Vollmond im September 2017

Der Vollmond fällt in diesem Jahr auf den 6. September. Um exakt 9.03 Uhr hat der Mond seine größte Ausprägung erreicht. Am 13. September ist der Mond der Erde am nächsten. Dann werden den Erdtrabanten nur noch 369.860 Kilometer von uns trennen. Im August wird der Vollmond übrigens als Fruchtmond, Erntemond und sogar Maismond bezeichnet. Die Namen charakterisieren den Monat meist nach typischen Kennzeichen der Natur, wie beispielsweise der Erntezeit.

Herbstviereck am Osthimmel erstrahlt

Hoch im Osten erkennt man das Pegasusquadrat. Es wird auch Herbstviereck genannt, da der Pegasus das Leitsternbild des Herbstes ist. An das Herbstviereck schließt sich die Sternenkette der Andromeda an. In ihr sieht man in dunkler, klarer Nacht fernab irdischer Beleuchtung ein blasses Lichtfleckchen, unsere Nachbarmilchstraße, die Andromedagalaxie. Mehr als 400 Milliarden, also 400.000 Millionen Sonnen leuchten in einer Entfernung von fast drei Millionen Lichtjahren.

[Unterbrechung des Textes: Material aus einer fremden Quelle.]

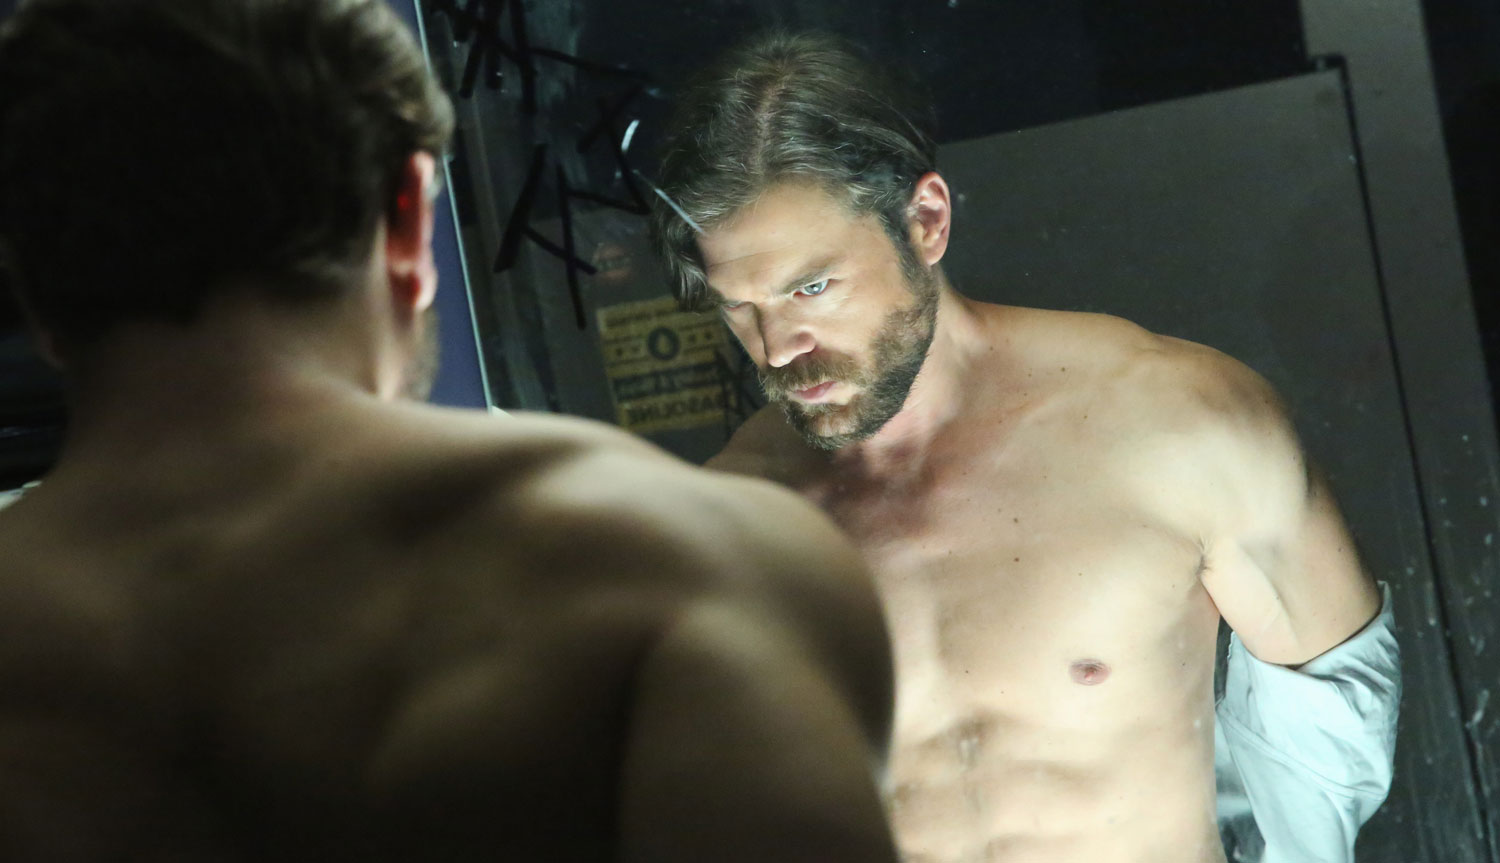 Charlie Weber shows off his hot bod while ripping off his shirt in one of t...

Tagundnachtgleiche (22.09.2017) markiert astronomischen Herbstanfang

Am 22. September überschreitet die Sonne den Himmelsäquator um 22.02 Uhr in südlicher Richtung, der Herbst beginnt. An diesem Tag sind Tag- und Nachtbogen der Sonne gleich groß, die Tagundnachtgleiche tritt ein. Da die Lufthülle der Erde durch Strahlenbrechung das Sonnenbild anhebt und außerdem Auf- und Untergang für den oberen Rand der Sonnenscheibe berechnet werden, tritt die eigentliche Tagundnachtgleiche erst drei Tage nach diesem sogenannten Herbstäquinoktium ein.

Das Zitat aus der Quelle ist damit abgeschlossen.